Air pollution modelling may be seen as a method for providing information on air quality on the basis of what we know of the emissions, and of the atmospheric processes that lead to pollutant dispersion, transport, chemical conversion and removal from the atmosphere by deposition.

Models have become a primary tool for analysis in most air quality assessments mainly for the following reasons:

  • A picture of the air quality in a zone may be obtained - in contrast to the limitations in the spatial coverage of air quality measurements.
  • The relation between air concentrations and the emissions causing these can be made explicitly and quantitatively by modelling, which is most important for supporting air quality management.
  • Models are the only available tool if the impact on air quality of possible future sources or of alternative future emission scenarios is to be investigated.

Air pollution models can be used in a complementary manner to air quality measurements, with due regard for the strengths and weaknesses of both analysis techniques. Modelled information is necessarily uncertain due to deficiencies in our knowledge of emissions and atmospheric processes; this disadvantage may be largely offset by validation of models with the help of measurements, or by assessing air quality by combination of information from modelling and measurements. In fact, if a concentration map is to be made on the basis of measurements, model results provide essential information for interpolation. The use of interpolation in assessments of air quality measurements alone is to be recommended only if emission information cannot be made available or if acceptable models cannot be found, and if monitoring data with sufficient spatial and temporal coverage are available.

5.2 Selection and application of models

For air quality assessment by modelling, a wide variety of models have been developed, some of which have been made readily accessible and easy to use by combination with user-friendly software. Others can only be operated by specialists, or even exclusively by the developers. Information on the state of the art of modelling and on models and model applications is available in various EEA publications prepared by the European Topic Centre on Air Quality (Moussiopoulos et al., 1996; de Leeuw et al., 1996, Tønnesen et al., 1997) and others (Olesen and Mikkelsen, 1992; Kretzschmar et al.,1994, 1996; NATO-CCMS, 1992, 1994, 1996; COST 615, 1996)

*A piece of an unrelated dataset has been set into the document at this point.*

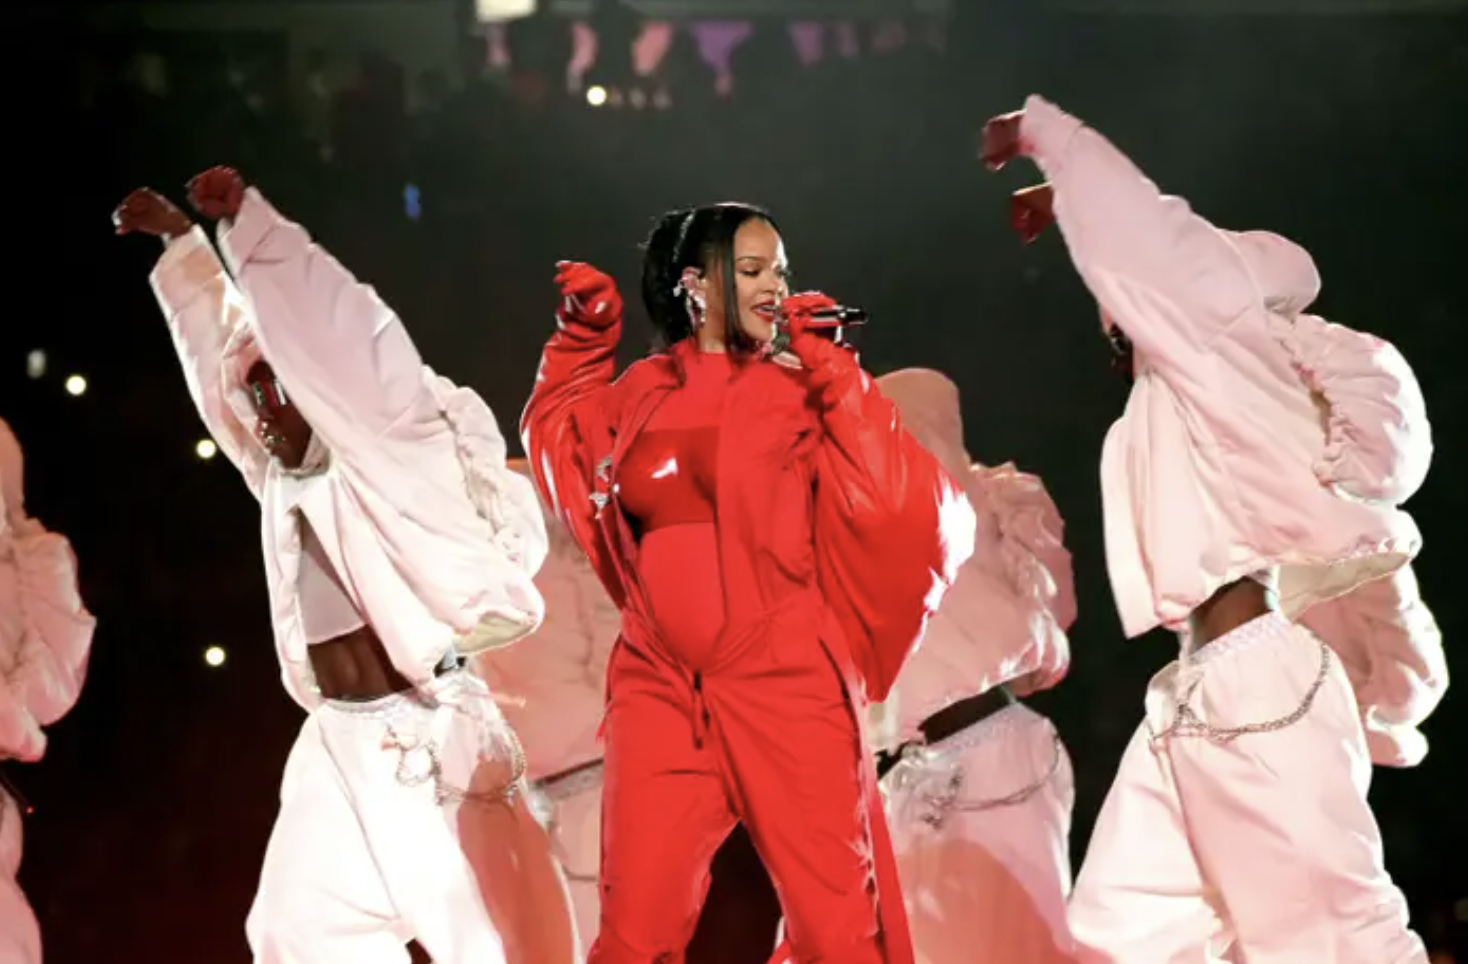 rihanna glowing onstage at the super bowl surrounded by back up dancers in white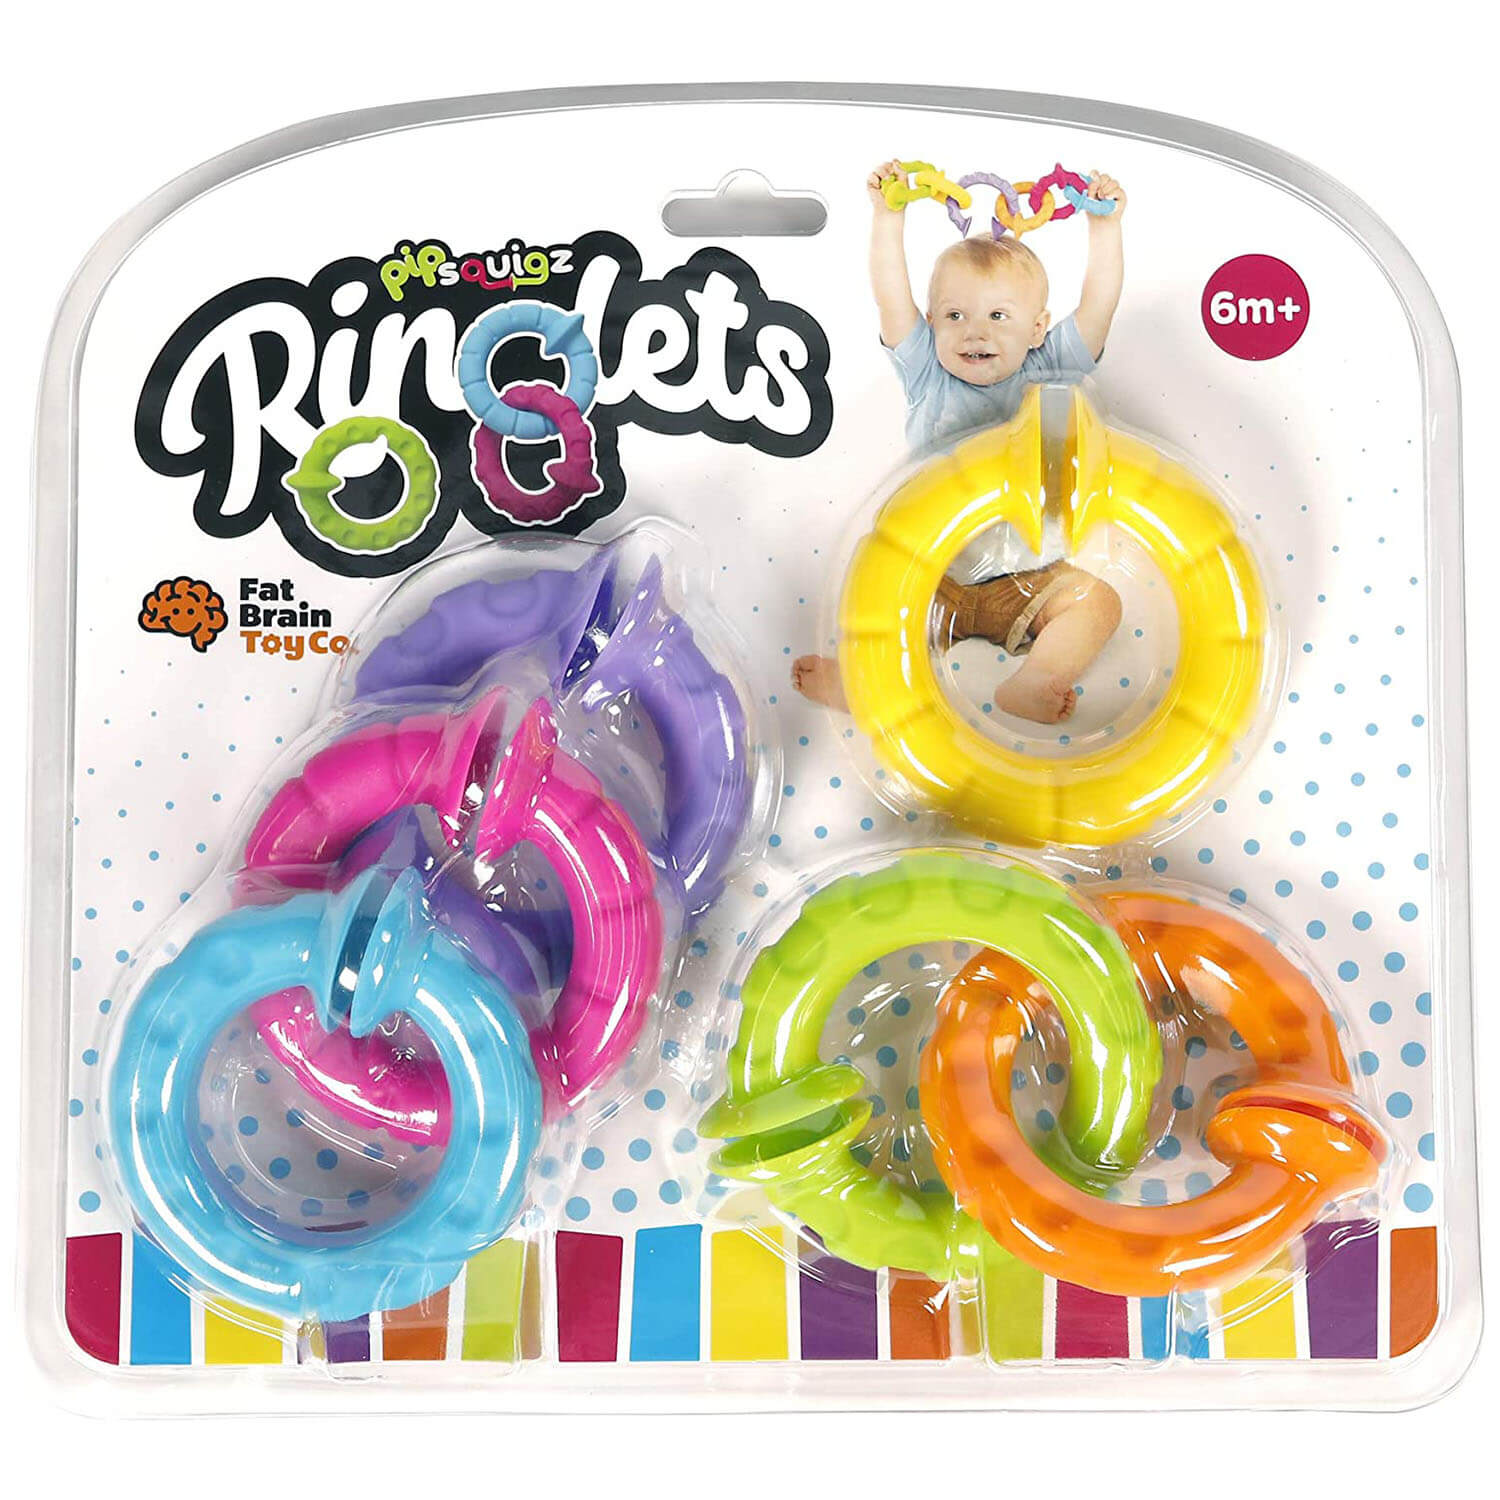 Front view of the Fat Brain Toys pipSquigz Ringlets package.

The European Topic Centre on Air Quality has prepared a pilot model documentation centre accessible via the Internet (ETC-AQ home page: http://www.etcaq.rivm.nl; model documentation centre: http://aix.meng.auth.gr/lhtee/database.html). Here, descriptions of the models, their application areas and their status with respect to evaluation and validation are to be provided.

Models and model applications can be distinguished on the basis of many criteria, such as the underlying physical concepts, the temporal and spatial scale, type of source, type of component and type of application. For assessments under the EC Air Quality Directives almost the whole range of the above criteria is involved.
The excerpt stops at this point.